Activity: No pictures should be carried over. Output all other parts of the entries verbatim.
*** Source material Section Begins ***
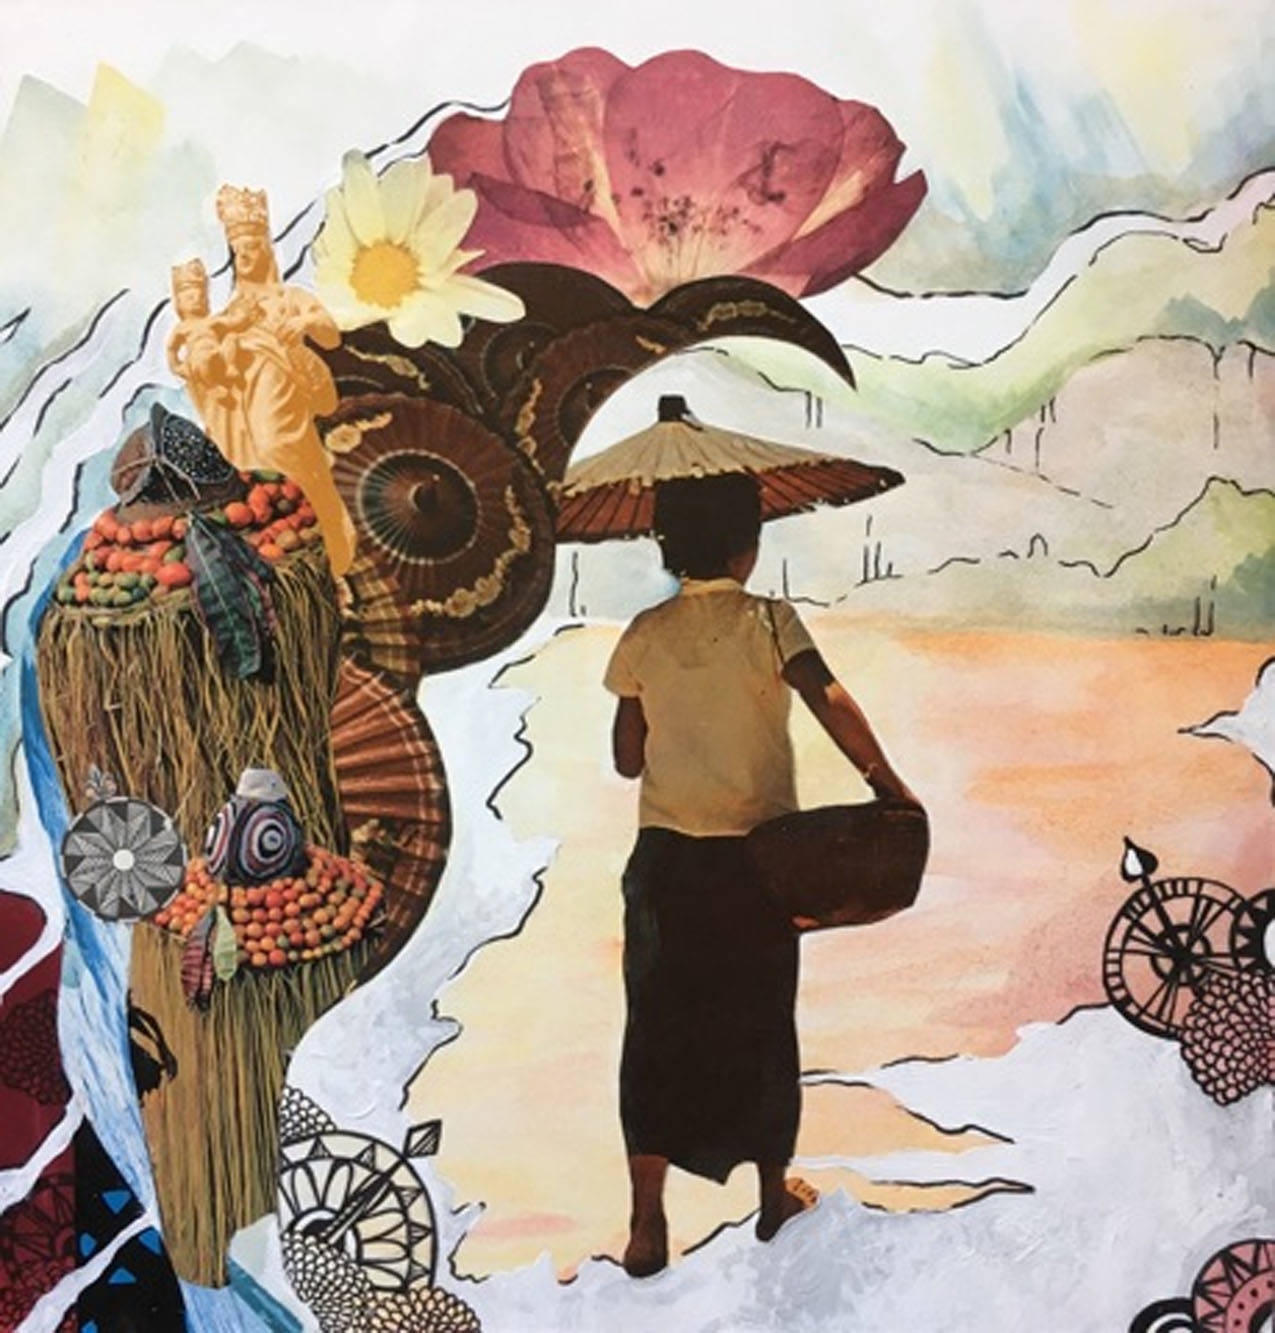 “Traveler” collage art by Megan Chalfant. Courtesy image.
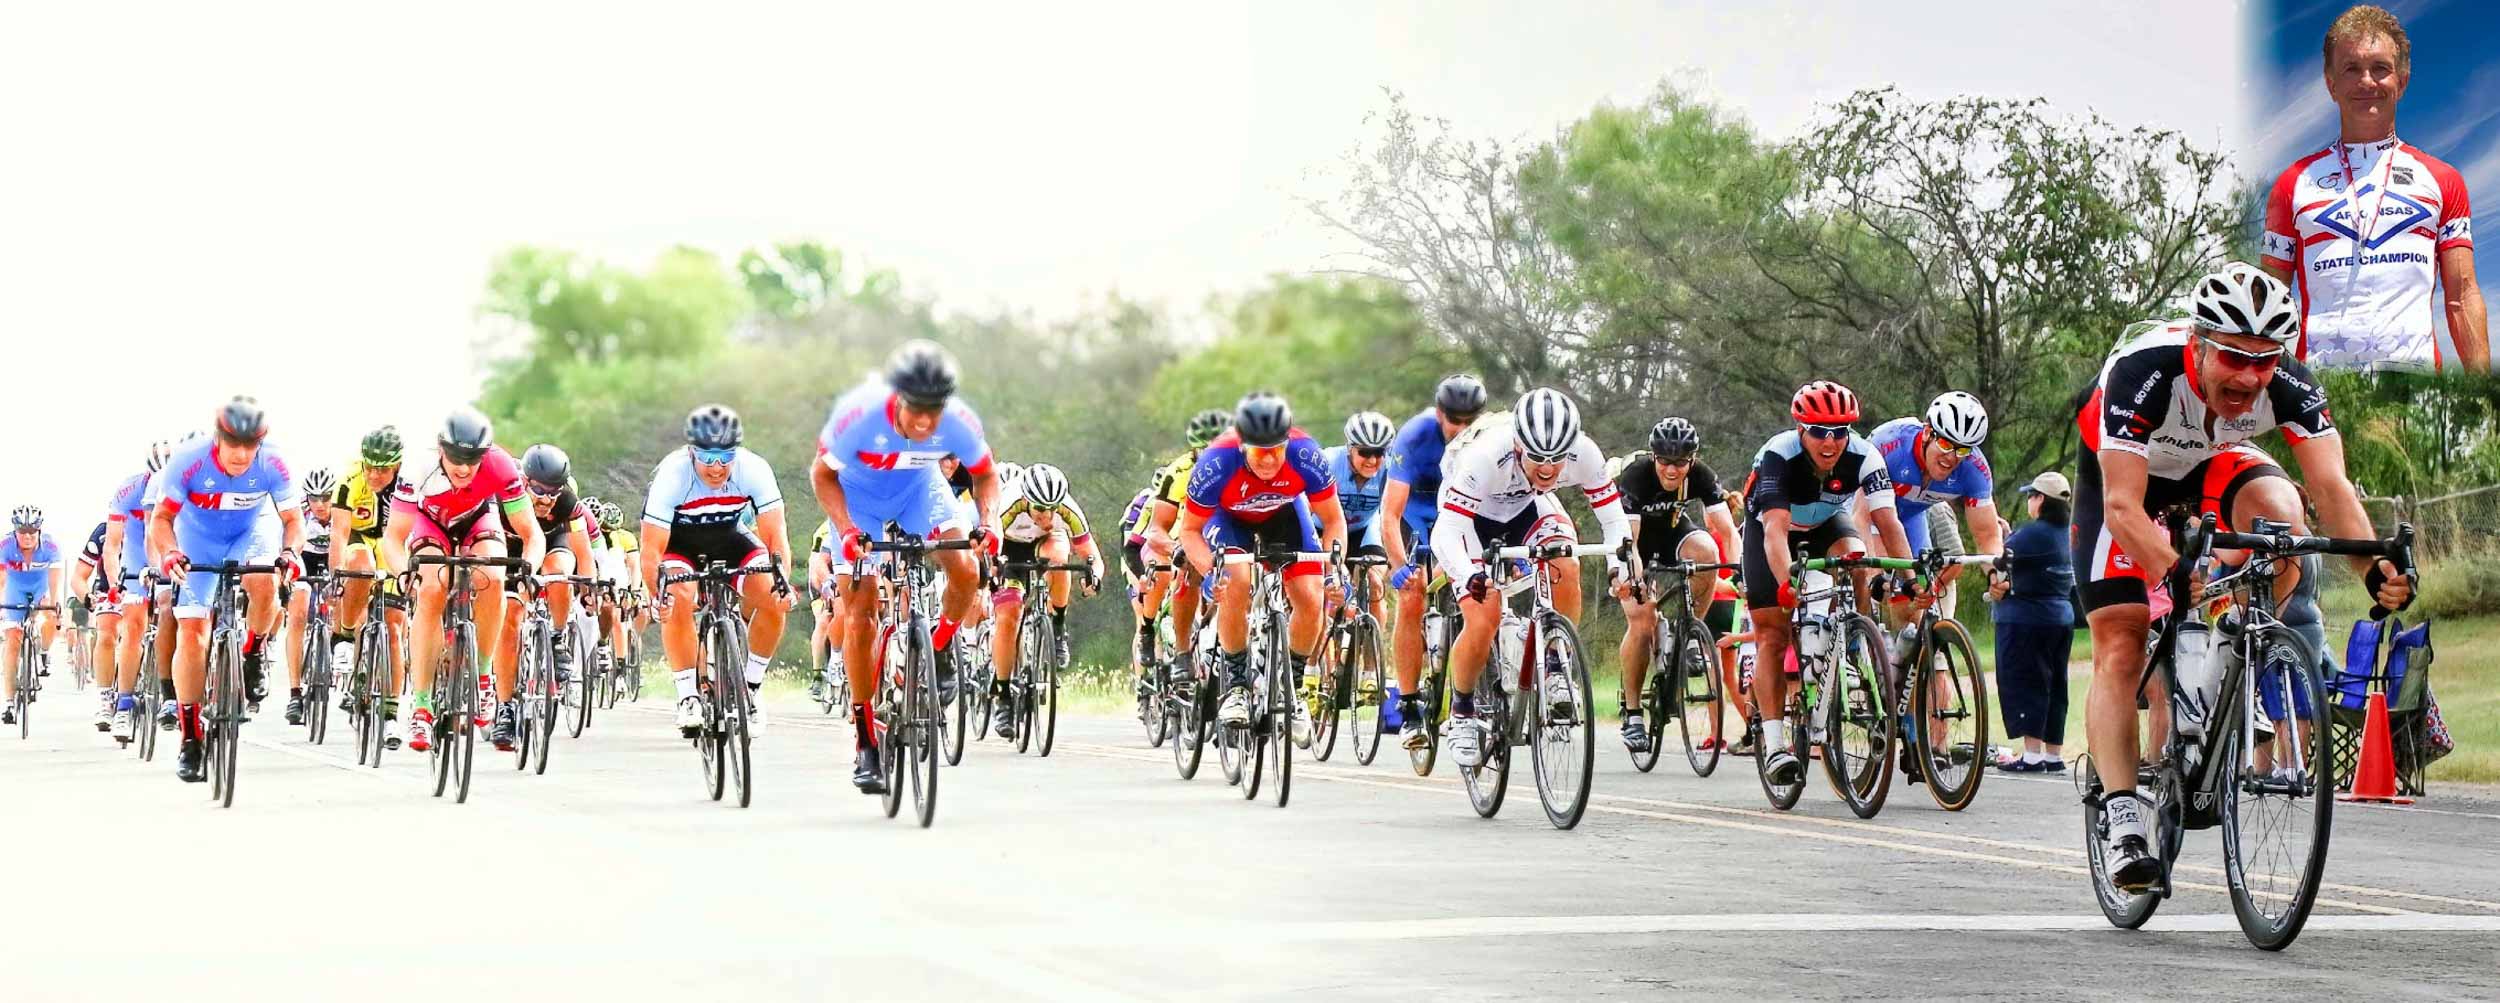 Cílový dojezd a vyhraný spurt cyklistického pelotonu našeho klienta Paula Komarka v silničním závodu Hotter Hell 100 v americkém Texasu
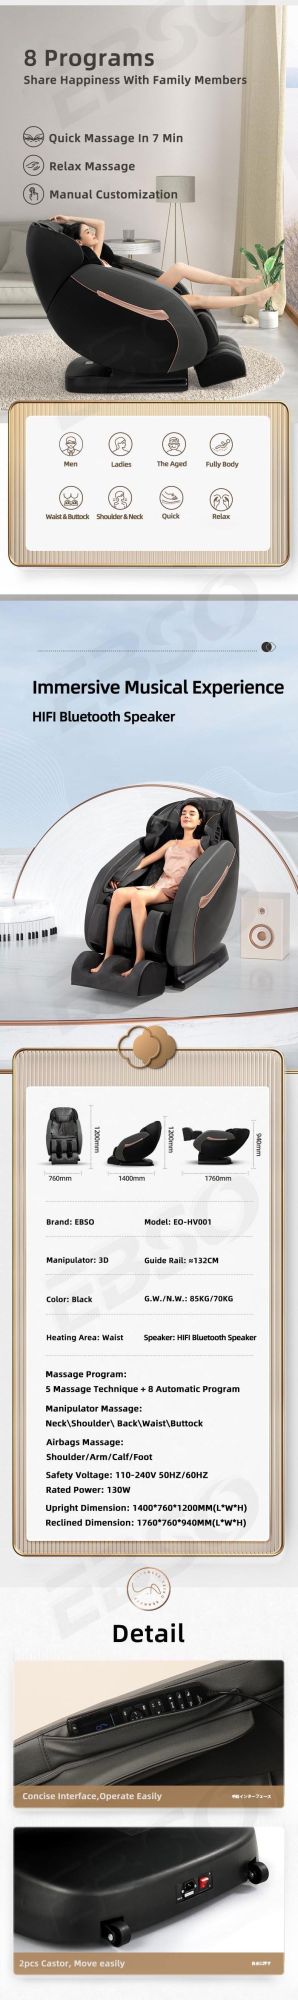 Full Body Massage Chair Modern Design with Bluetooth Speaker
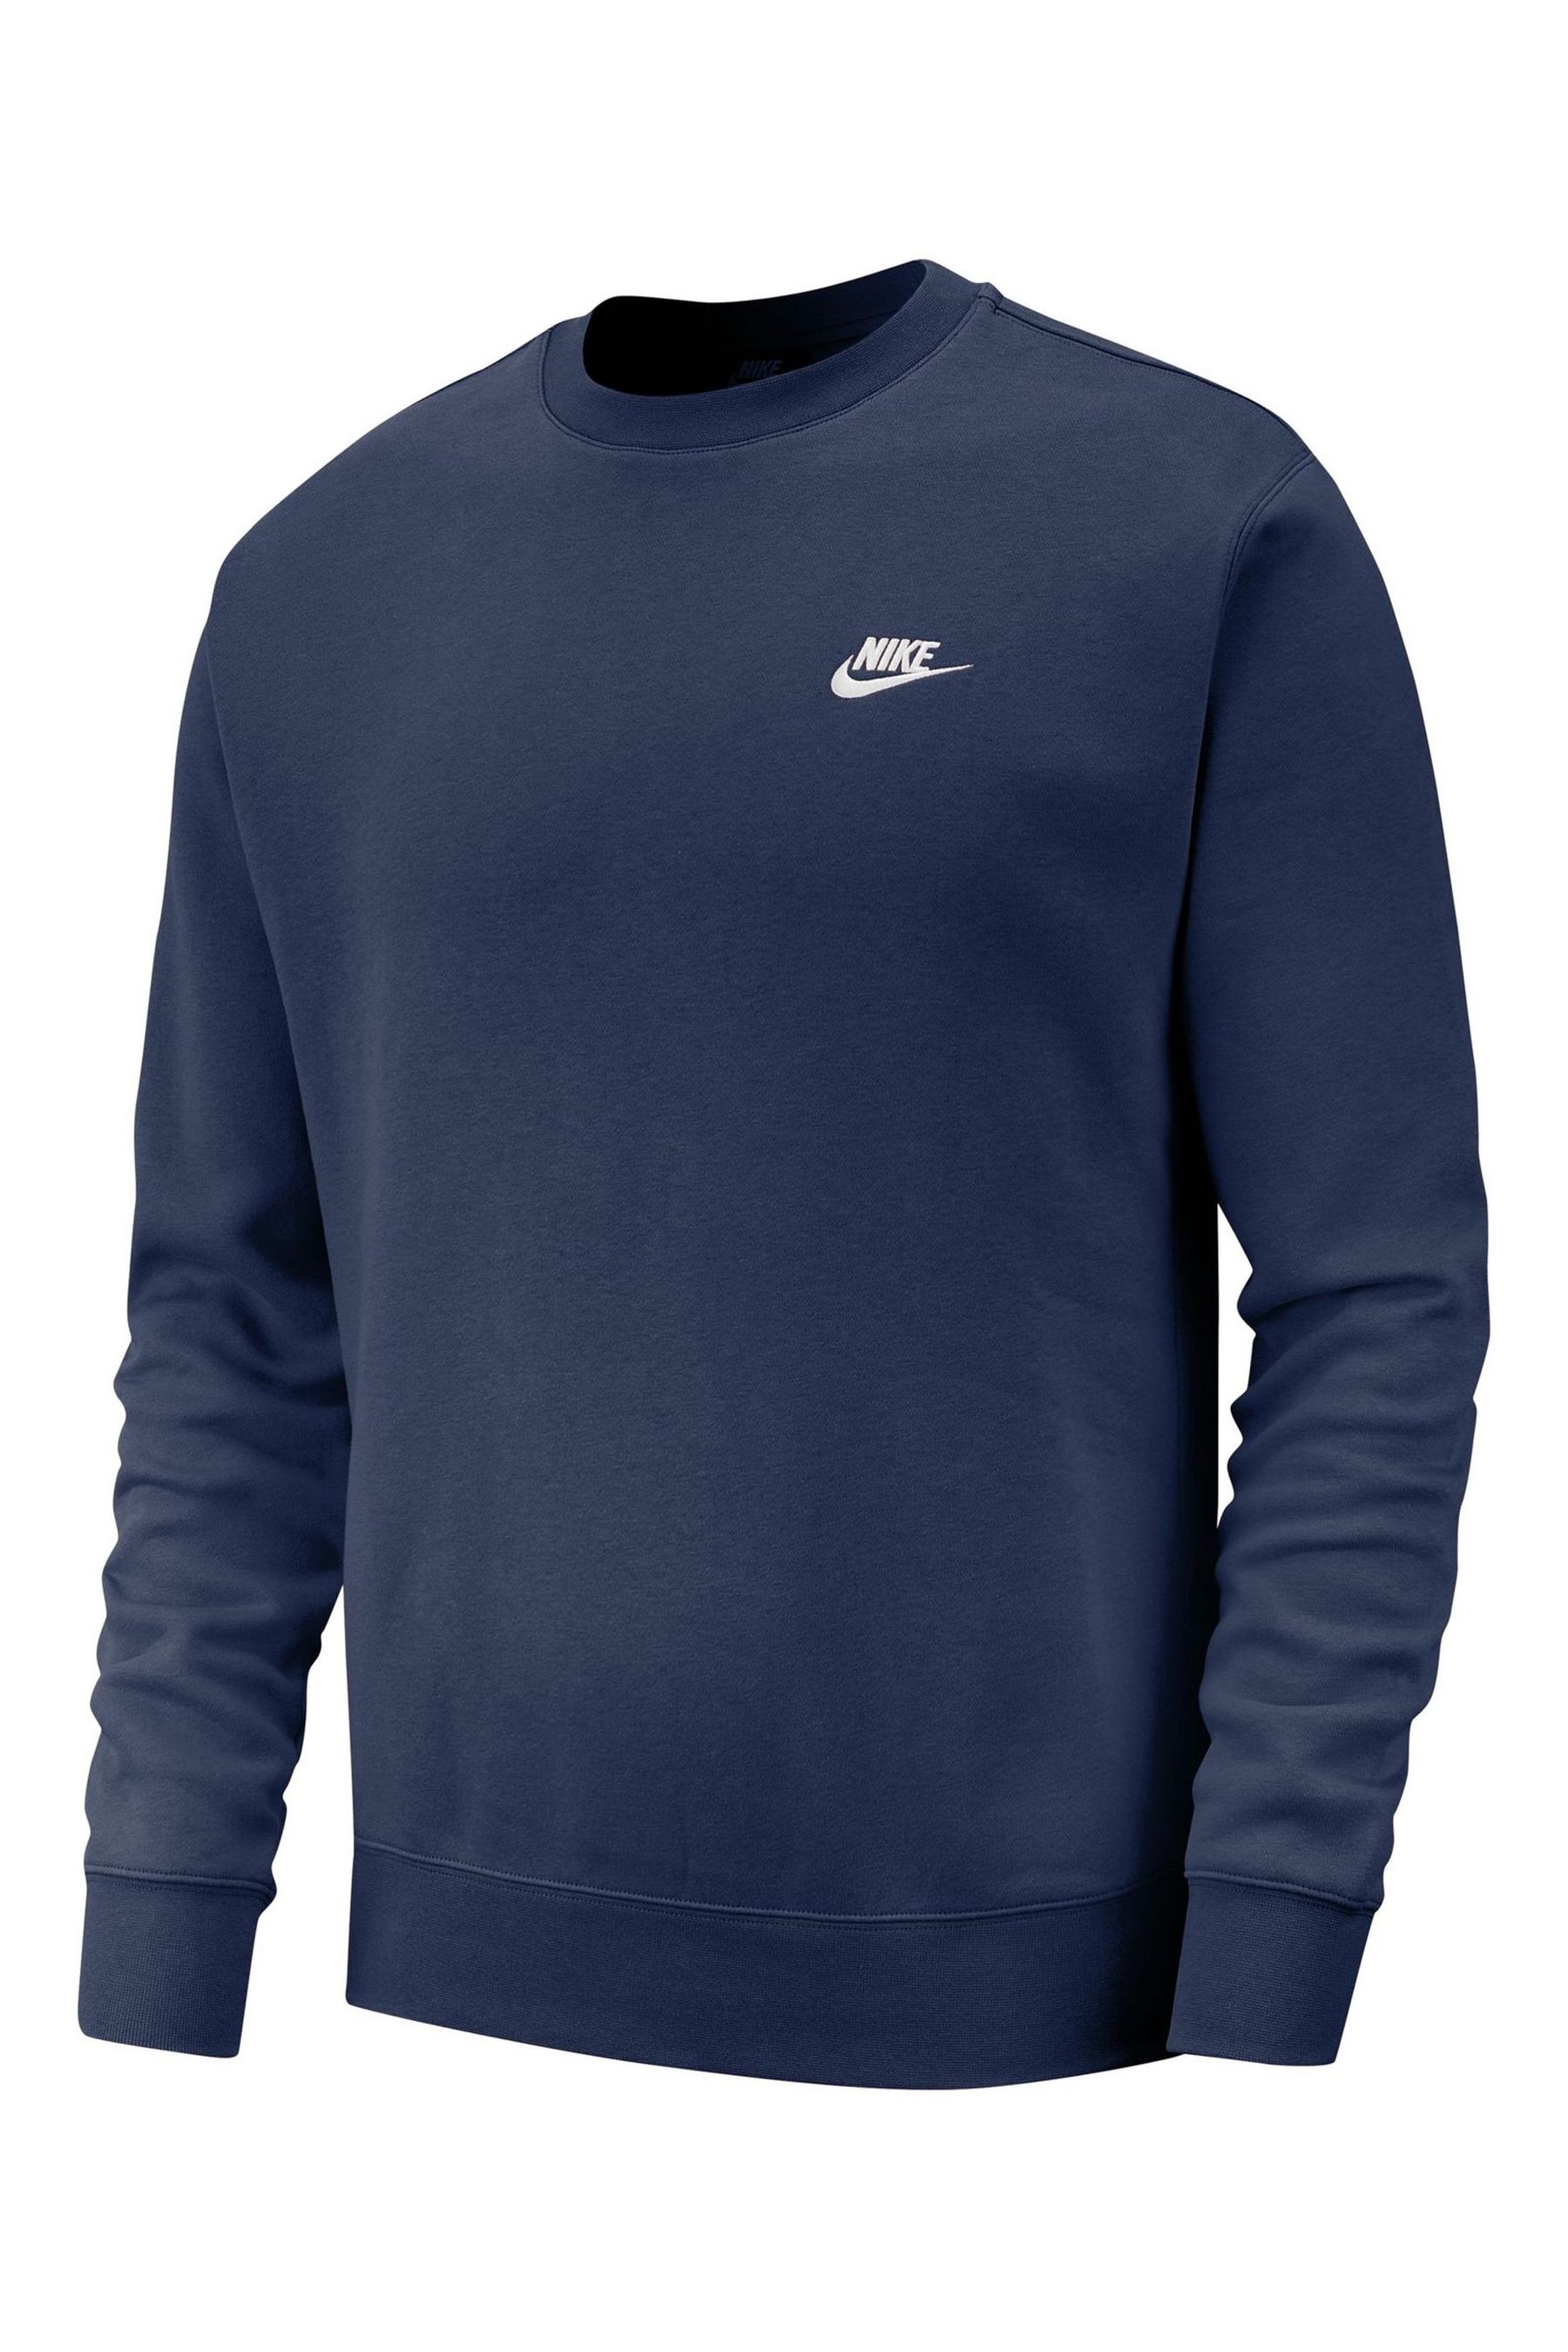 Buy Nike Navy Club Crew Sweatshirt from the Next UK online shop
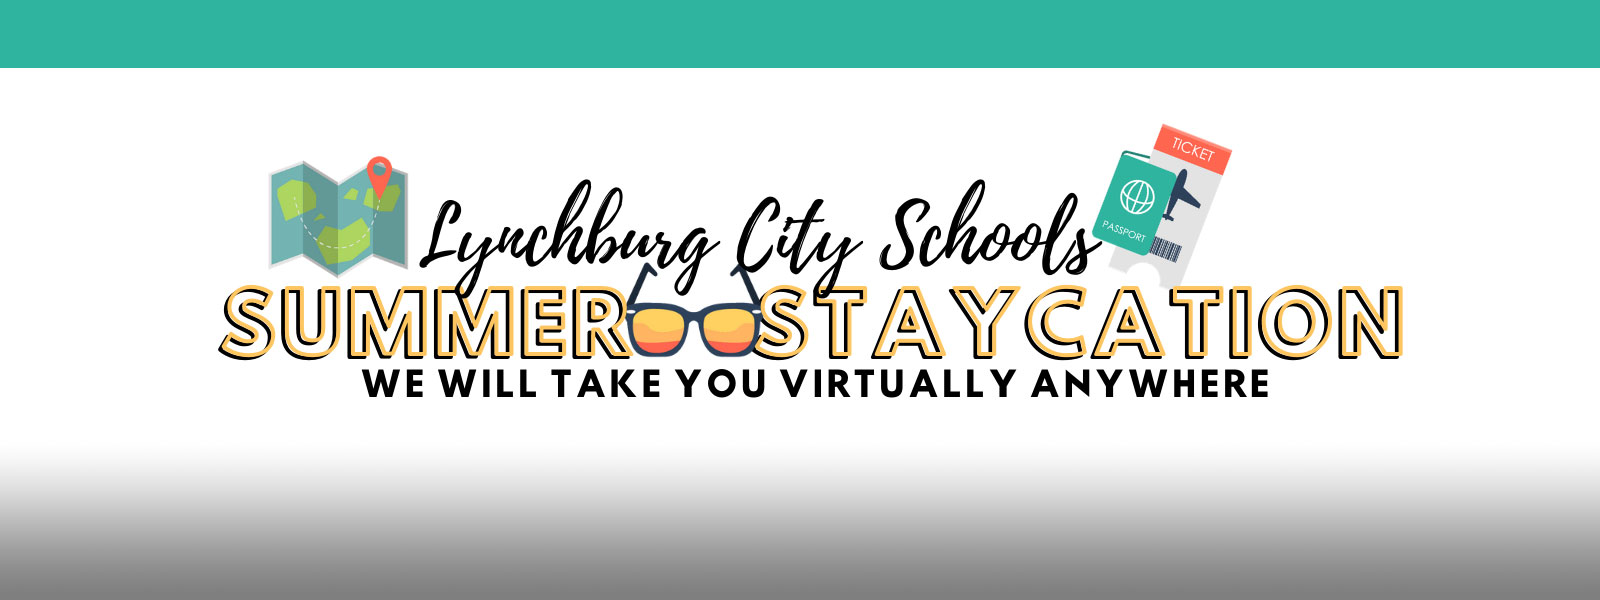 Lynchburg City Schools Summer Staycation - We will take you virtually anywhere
*** Source material Section Ends ***
Exercise response:
 “Traveler” collage art by Megan Chalfant. Courtesy image.
 Cílový dojezd a vyhraný spurt cyklistického pelotonu našeho klienta Paula Komarka v silničním závodu Hotter Hell 100 v americkém Texasu
 Full Body Massage Chair Modern Design with Bluetooth Speaker
 Buy Nike Navy Club Crew Sweatshirt from the Next UK online shop
 Lynchburg City Schools Summer Staycation - We will take you virtually anywhere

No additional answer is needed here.